After the broadcast of Haugen’s interview on 60 minutes, Connecticut, Senator Richard Blumenthal shared on twitter“Facebook’s actions make it clear that we cannot trust the police themselves. We need to consider tighter oversight, effective protections for children, and tools for parents, among the reforms needed.”

Patrick Semansky / AP

Senator Maria Cantwell, D-Wash., (Top left) chats with Senator Amy Klobuchar, D-Minn., As Facebook’s global chief security officer Antigone Davis testifies virtually before Deputy Senate Trade, Science and Transportation Committee on consumer protection, product safety and data security during a hearing on online safety and children’s mental health Thursday in Washington.

For years, Congress has been stuck in an ongoing debate over how best to regulate Big Tech – even though Facebook says it welcomes the updated regulations.

In June, House lawmakers introduced sweeping antitrust reforms targeting Amazon, Apple, Facebook and Google. The House Judiciary Committee approved the bills, but they did not get to vote.

The scrutiny Facebook now faces could push lawmakers to act.
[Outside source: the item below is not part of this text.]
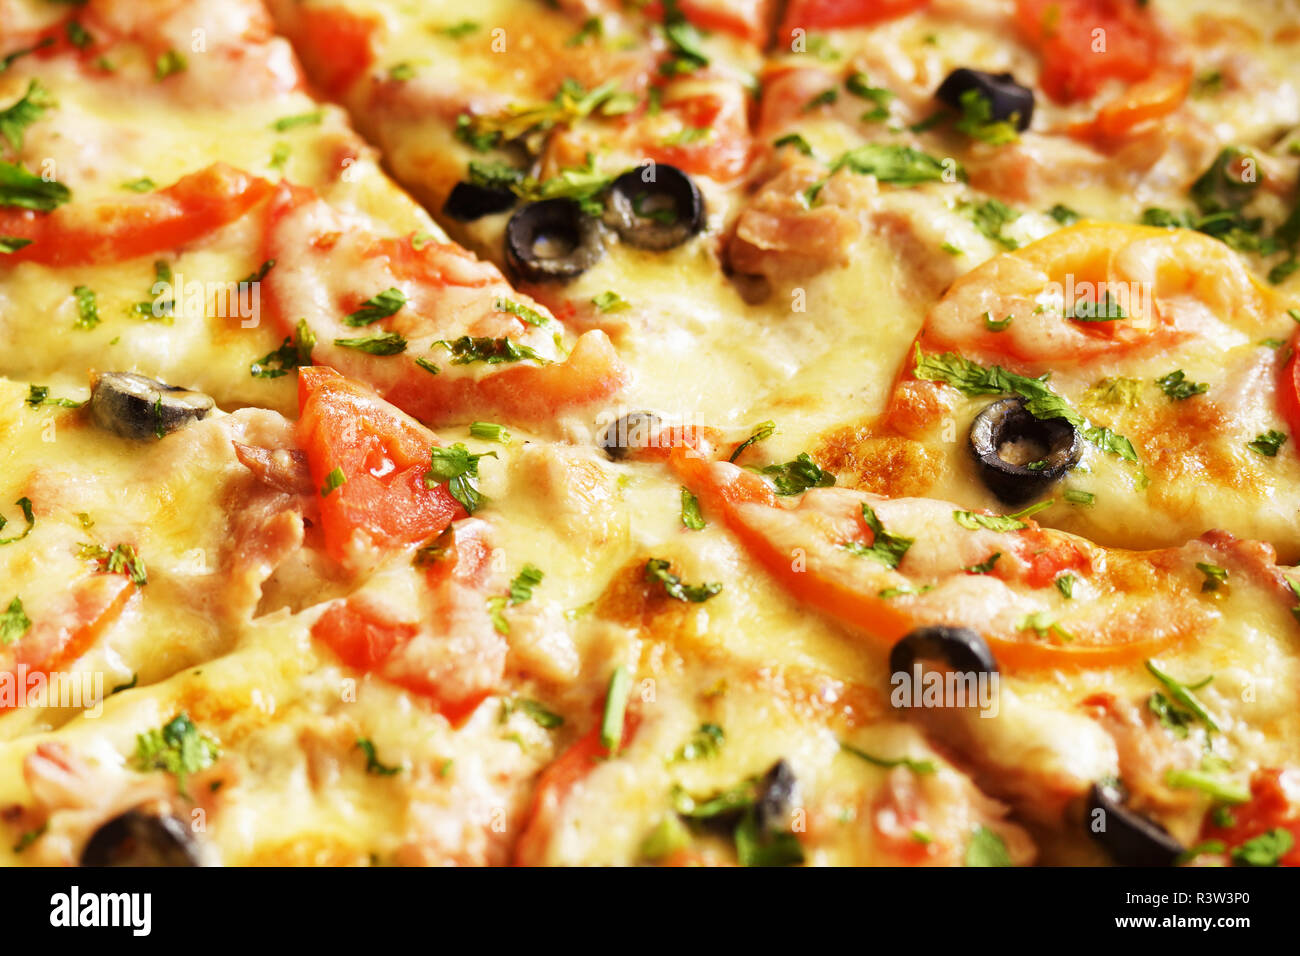 Hot pizza with cheese, ham and chicken, fresh tomato slices and olives cutted to pieces. Could be used as food background or in restaurant menu Stock Photo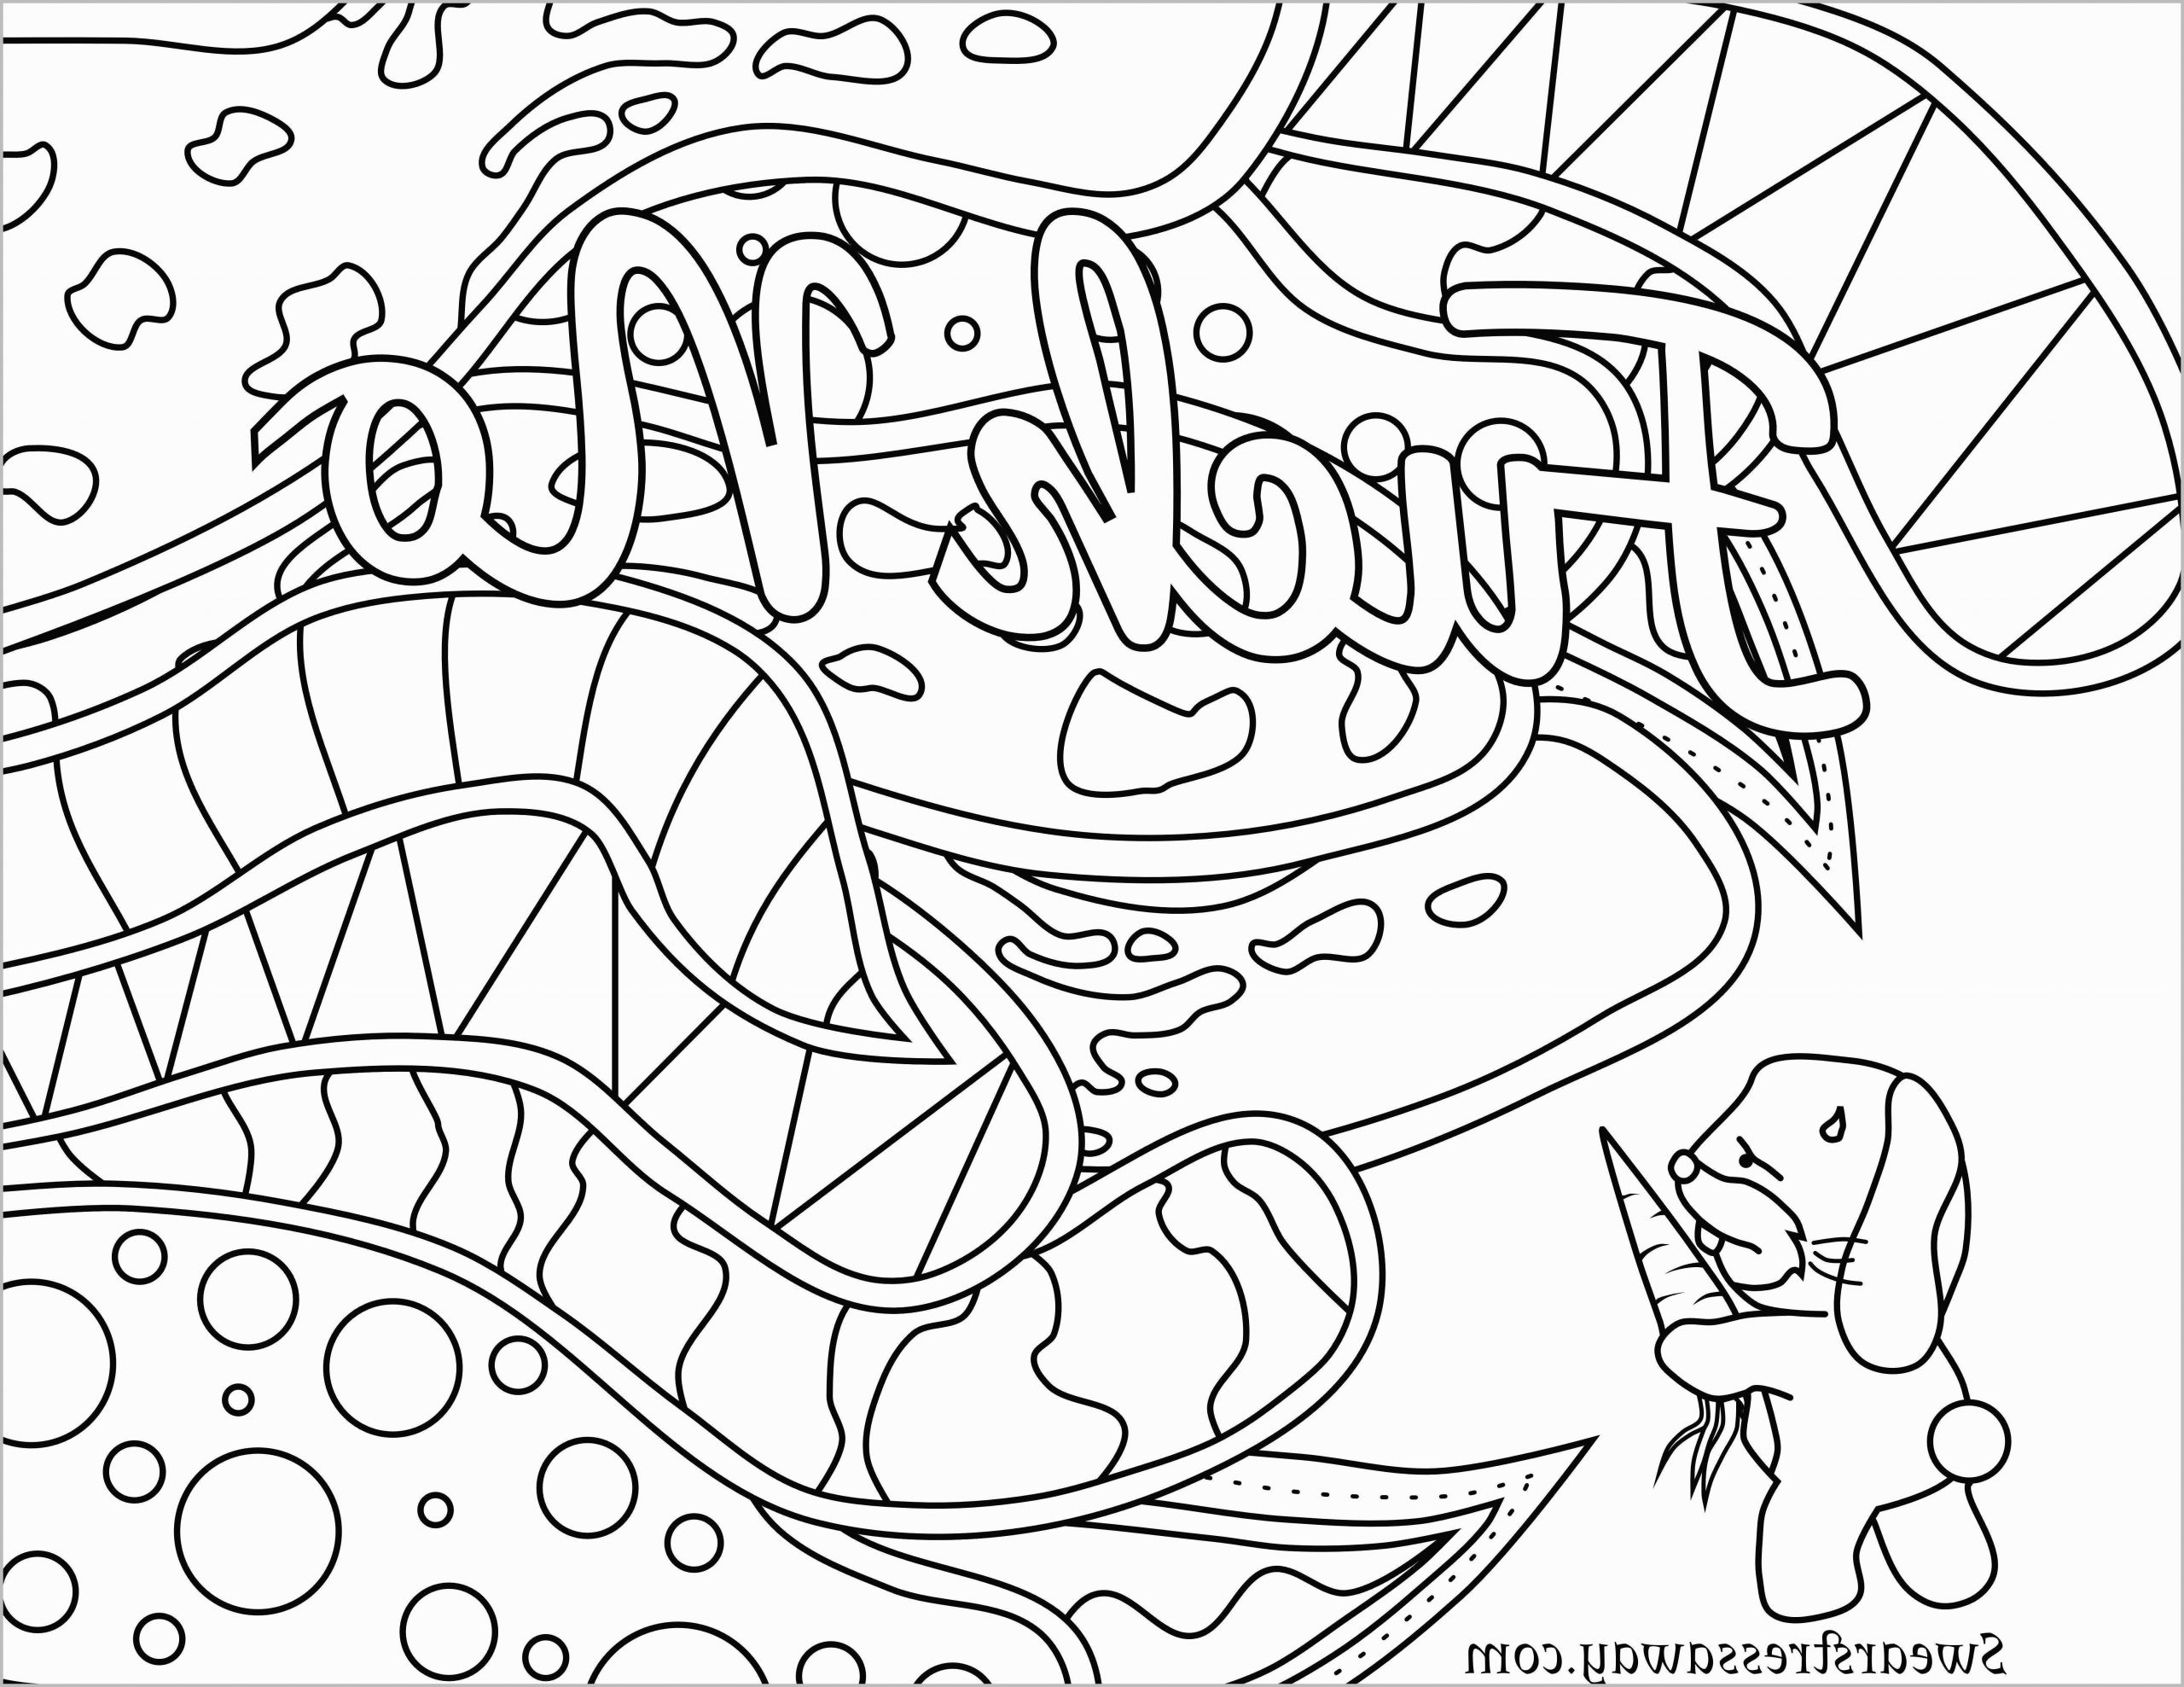 coloring pages : Swear Word Coloring Pages For Adults Best Of 25 Beautifu.....

At a hearing last week, lawmakers examined claims that Facebook’s own internal research showed that its platforms were negatively affecting the mental health of millions of mostly teenage girls.

“These are the reports from your company. You knew it was there. You knew it was there, but you didn’t do anything about it,” said Senator Marsha Blackburn, R-Tenn., Member ranks of the subcommittee, referring to internal documents on the prevalence of sex trafficking on Facebook.

Facebook said the research was taken out of context.

Haugen contacted state officials and the SEC

Other regulators are not waiting for Congress.

Facebook is facing an antitrust lawsuit from the Federal Trade Commission, which requires the company to sell or separate Instagram and What’sApp.

With these latest allegations, Facebook may soon be facing heat from other regulators.

Haugen and her attorney John Tye said she has filed at least eight complaints with the United States Securities and Exchange Commission.

These complaints focus on the prevalence of hate speech on Facebook, the misrepresentation of the site’s role during the Capitol uprising, and the dangers children face at the site.

FILE - In this August 5, 2017, file photo of the United States Securities and Exchange Commission building in Washington.

Tye, who spoke to NPR, said the allegations implied the difference between what Facebook knew about its platform and what it said publicly. He said cheating on investors is a crime under US securities law.

Haugen’s documents were also shared with state attorneys general in California, Vermont, Tennessee, Massachusetts, and Nebraska, Tye said The New York Times.

It is not known whether the SEC or state attorneys general plan to deal with Haugen’s complaints.

Editor’s Note: Facebook is one of the financial backers of NPR.

NPR’s Bobby Allyn and Shannon Bond contributed to this report.